The Prior Lab shows all important prior distributions for brms — interactively, with CI-solver and direct brms syntax.
Workflow
Prior Types
Vague (uniform, Cauchy): almost no prior assumptions, but sampler sluggish and often divergent.
Weakly informative: roughly excludes impossible values, leaves ample room for learning — the recommended approach.
Strongly informative: only when genuine prior knowledge is available (e.g. from meta-analysis).
Typical defaults for common parameters can be found in the "Load & explore brms defaults" section in the sidebar — click to load parameters directly.
Common Decisions
Intercept α: Student-t(3, 0, 2.5) — brms default
Slope β (z-std.): Normal(0, 1) — Gelman
Dispersion σ / τ: Exponential(1) or Half-Normal(0,1)

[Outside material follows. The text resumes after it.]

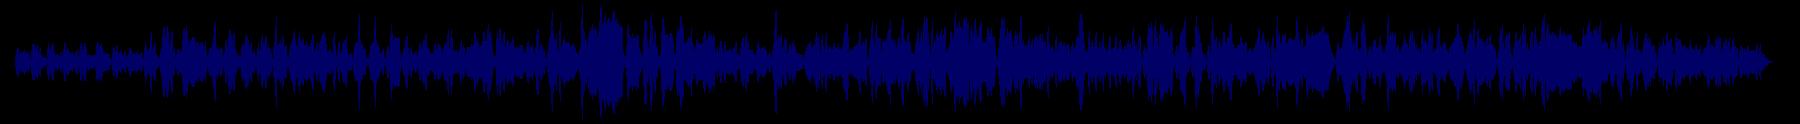 waveform of track #38850

Probability / Prop.: Beta(1,1) to Beta(2,8)
Correlation: LKJ(2) — regularised around 0
Reaction times: Log-Normal(μ, σ) on log scale
Why this matters for Bayes
The prior is not a nuisance — it is part of the model. Posterior ∝ Likelihood × Prior. A prior that is too tight dominates the model, one that is too vague slows down the sampler. The CI-solver helps justify prior parameters substantively rather than choosing them arbitrarily.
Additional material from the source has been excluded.